A new CD has been published by Romantic Discoveries Recordings.
The Circle of Brahms, vol. 6
John Kersey, piano
RDR CD94
Total time: 73 minutes 41 seconds
1. August Bungert (1845-1915): Aus meinem Wanderbuch: Unter Palmen (Bordighera), op. 53 no 1
2. Bungert: Variations and Fugue on an original theme, op. 13
3. Woldemar Bargiel (1828-97): Nachtstück, op. 2
Bungert: Albumblätter: Characterstücke, op. 9 book II
4. Allegro moderato, op. 9 no. 4 5. Andante, op. 9 no. 5 6. Moderato, op. 9 no. 6
7. Heinrich von Herzogenberg (1843-1900): Eight Variations, op. 3
8. Ernst Rudorff (1840-1916): Impromptu, op. 51
The quintessential German Romantic, August Bungert, a pupil of Friedrich Kiel, came to the attention of Brahms when his Piano Quartet, op. 18, was awarded the Florentine Quartet Prize in 1877, the judges being Brahms and Robert Volkmann. This success proved extremely important for Bungert, since it provided him with the means to move to Italy, where he formed significant connexions with Verdi and Friedrich Nietzsche (who was his neighbour).

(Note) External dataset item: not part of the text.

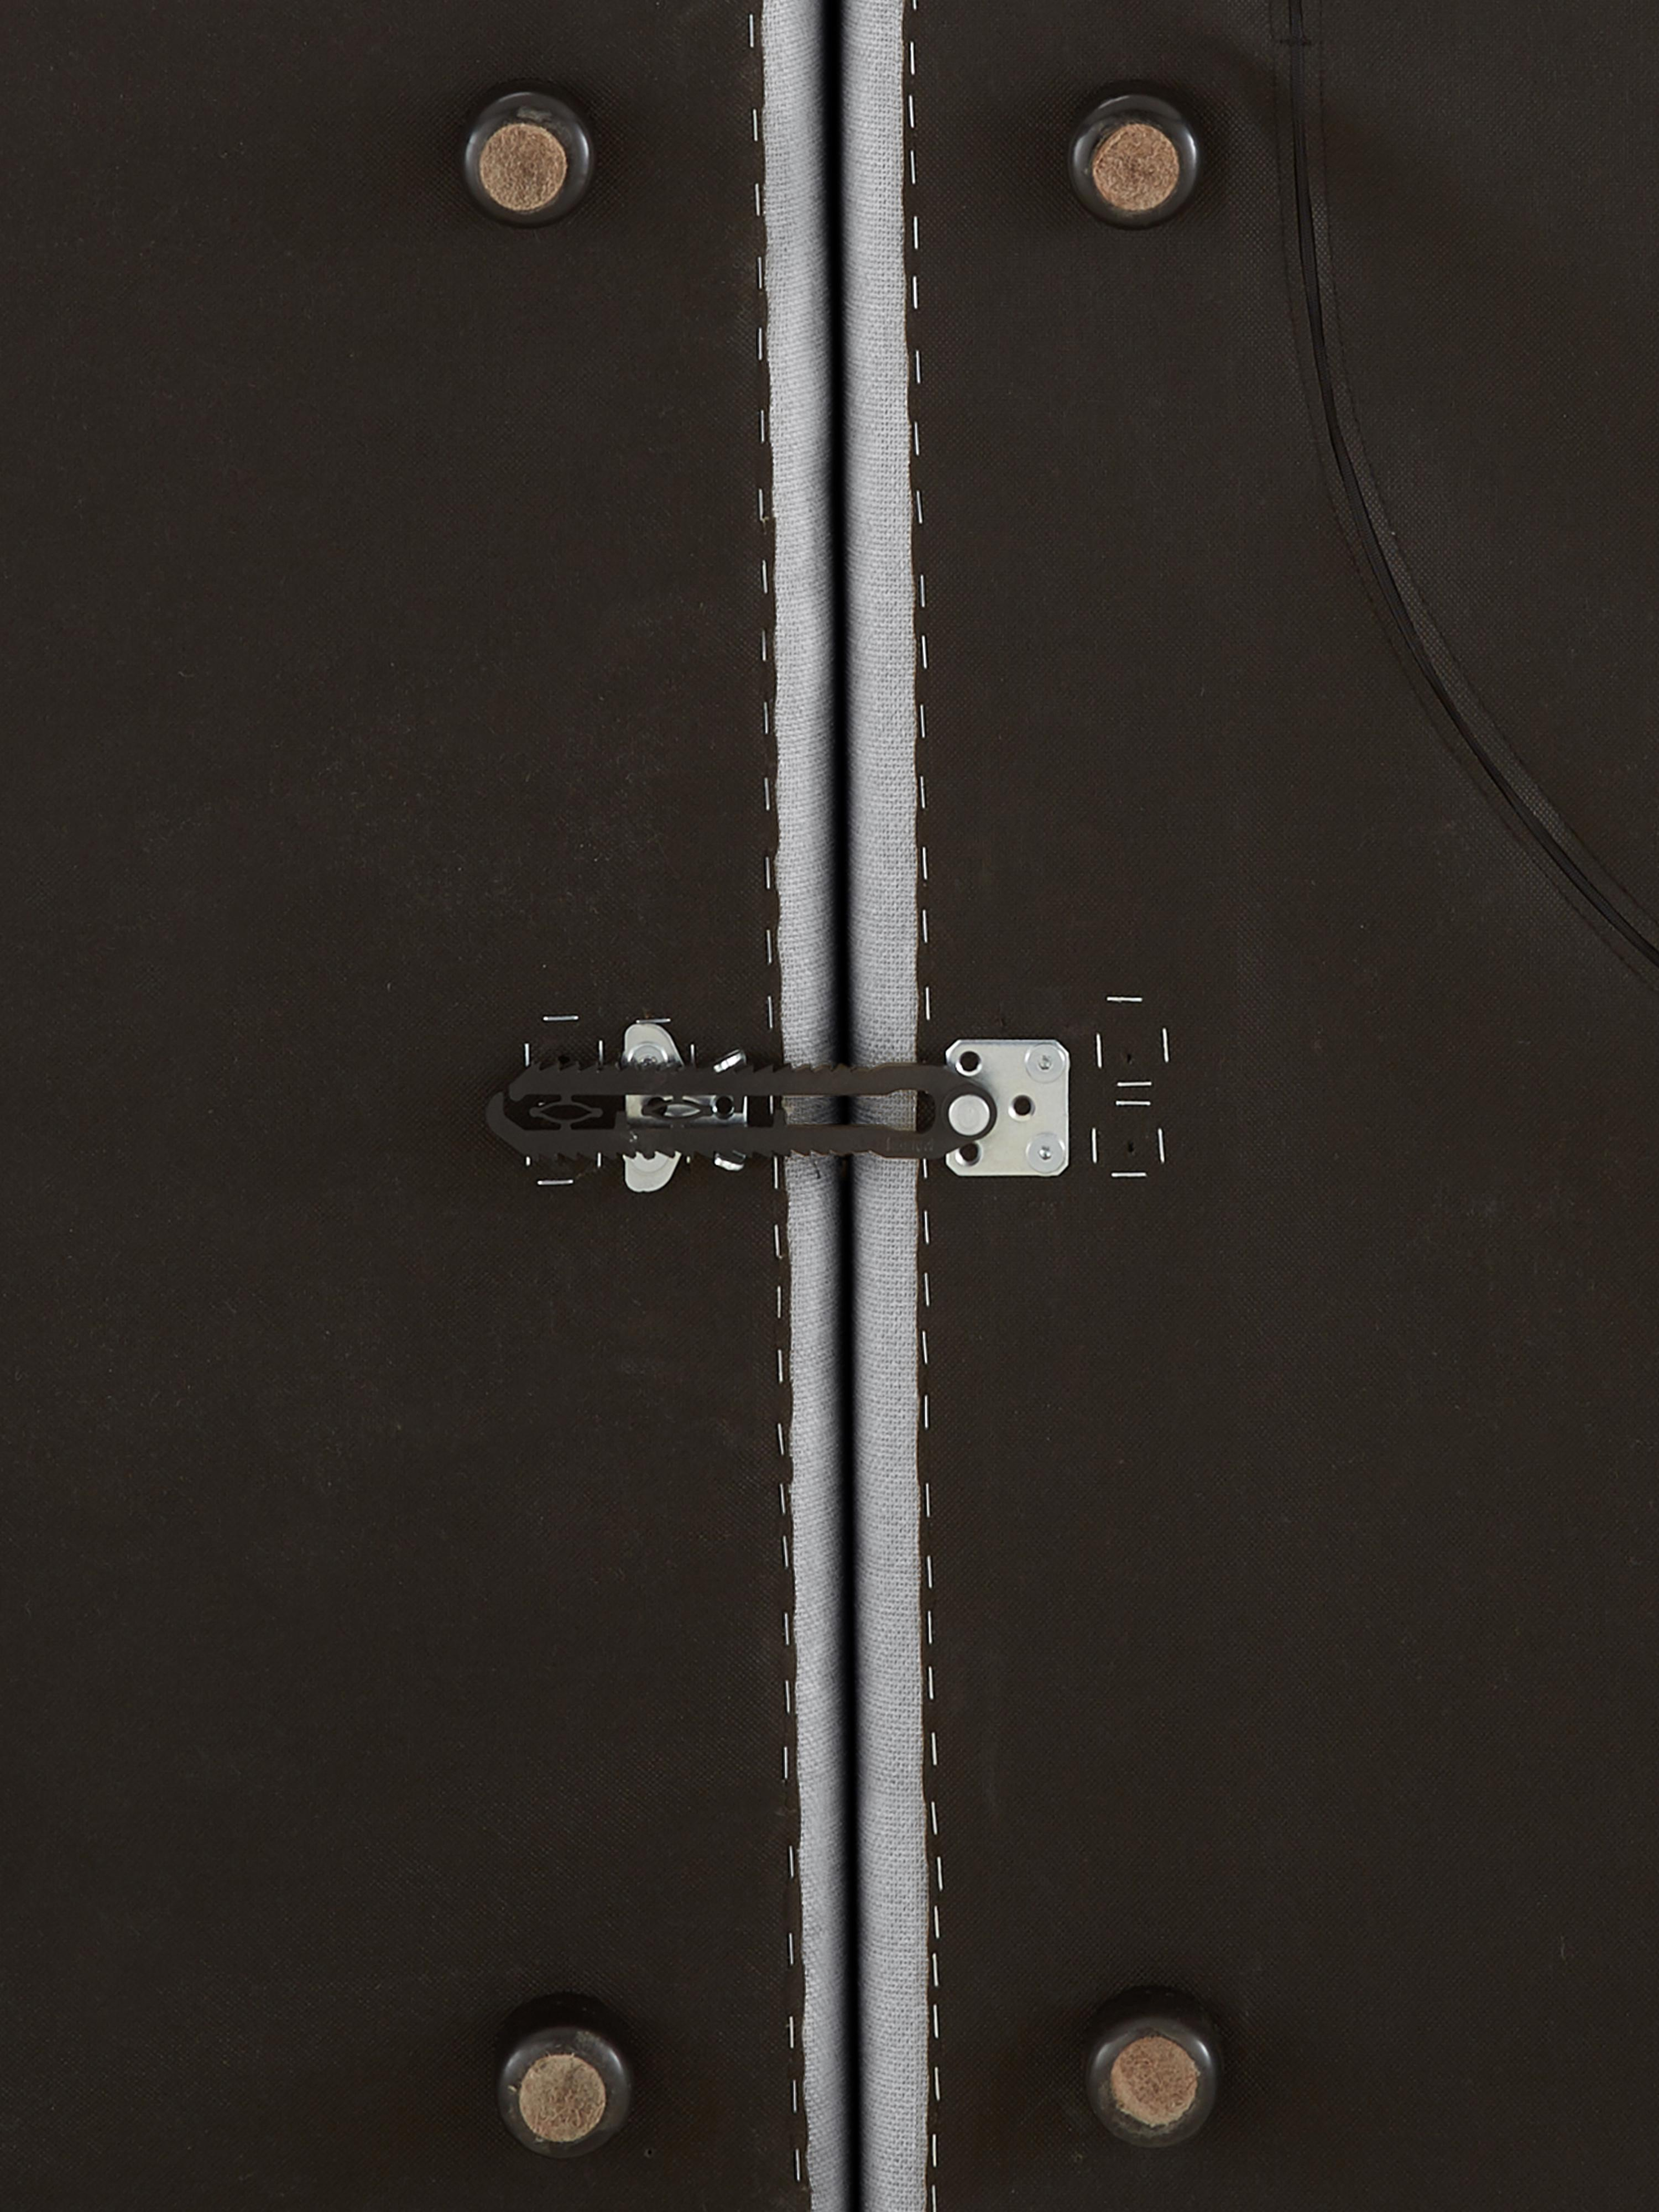 Modulares Ecksofa Lennon, Bezug: Polyester Der hochwertige, Gestell: Massives Kiefernholz, Spe, Webstoff Hellgrau, B 326 x T 207 cm

Here also he met the Queen of Romania, known in artistic circles by the name Carmen Sylva, who became his patron, providing him with a Bechstein grand piano, a house, and organising a group of supporters known as the Bungert-Bund. In return, Bungert set many of her poems to music (composing some 362 songs in all), and also began to work on a series of epic operas. Although seen initially as an opposing pole to Wagner, Bungert became increasingly influenced by him, and his operas treat the world of Homer in the same way as Wagner’s own operas on mythic subjects.
Earlier on, it had been Brahms who had been Bungert’s stylistic model. His major set of Variations, op. 13, can be considered a response to Brahms’ own works in that form but attempts a more contemporary symphonic style, with many striking moments and a crowning fugue that is complex both technically and musically. The neglect of this work is difficult to understand; in post-war Germany Bungert was considered the inferior of Wagner, but nowadays we can see his work for its individual qualities rather than merely in comparison with others.
Woldemar Bargiel was not a prolific composer, but his works deserve greater attention than the almost complete neglect they fell into in the years immediately following his death. Similarly, if he is known at all these days, it is as the half-brother of Clara Schumann (as a result of her mother’s second marriage to music teacher Adolf Bargiel), with the implication that not only was the success of his career due to this connexion (which was undoubtedly the case) but also that such reputation that he enjoyed was merely the result of this nepotism (which was certainly not so).
Bargiel studied under Moscheles, Hauptmann, Rietz and Gade at the Leipzig Conservatoire (being noted among the younger generation in Schumann’s Neue Bahnen in 1853) and from 1859 took up a teaching position as a theorist at the conservatoire in Köln. 1866 saw him move to Rotterdam where he concentrated on conducting and musical direction, and 1874 (at the invitation of Joachim) back to Berlin (where he had taught privately throughout the 1850s) as professor of composition at the Royal Hochschule. He attained the peak of professional recognition as a senator of the Akademie der Künste, teaching up until his death at the age of sixty-nine.
Bargiel’s well-crafted and distinctive music enjoyed wide popularity during his lifetime. As well as piano music, he wrote a number of chamber works, songs, and orchestral pieces. His Notturnos date from 1853 and show a command of the Gothic style he had inherited from Schumann, but in the first, particularly, adding a rhetorical element that creates an individual impression.
Ernst Rudorff studied piano under Woldemar Bargiel and then entered the Leipzig Conservatoire under Moscheles, Plaidy and Rietz. He undertook further study with Hauptmann and Reinecke. Appointment as professor of piano at the Cologne Conservatoire in 1865 was followed by the senior piano position at the Berlin Hochschule between 1869 and his retirement in 1910. A prolific composer, arranger and editor, Rudorff was a friend of both Brahms and Joachim.
Heinrich von Herzogenberg studied composition under Dessoff and, influenced by his studies of Bach, became an ardent admirer of Brahms. He married one of Brahms’s piano pupils, and it is suggested by some that Brahms’s resentment of this union played a part in his generally curmudgeonly attitude towards Herzogenberg. In 1872, Herzogenberg moved to Leipzig where, along with Philip Spitta, he founded the Leipzig Bach-Verein, which did much to revive Bach’s cantatas. From 1885 he was professor of composition at the Berlin Hochschule für Musik, and in his last years, although a Roman Catholic, composed extensively for the Lutheran church. Herzogenberg’s works include several important pieces for solo piano and piano four hands. His early Variations, op. 3, show an ambitious young composer with plenty to say, and suggest that he had absorbed much of the Brahmsian style.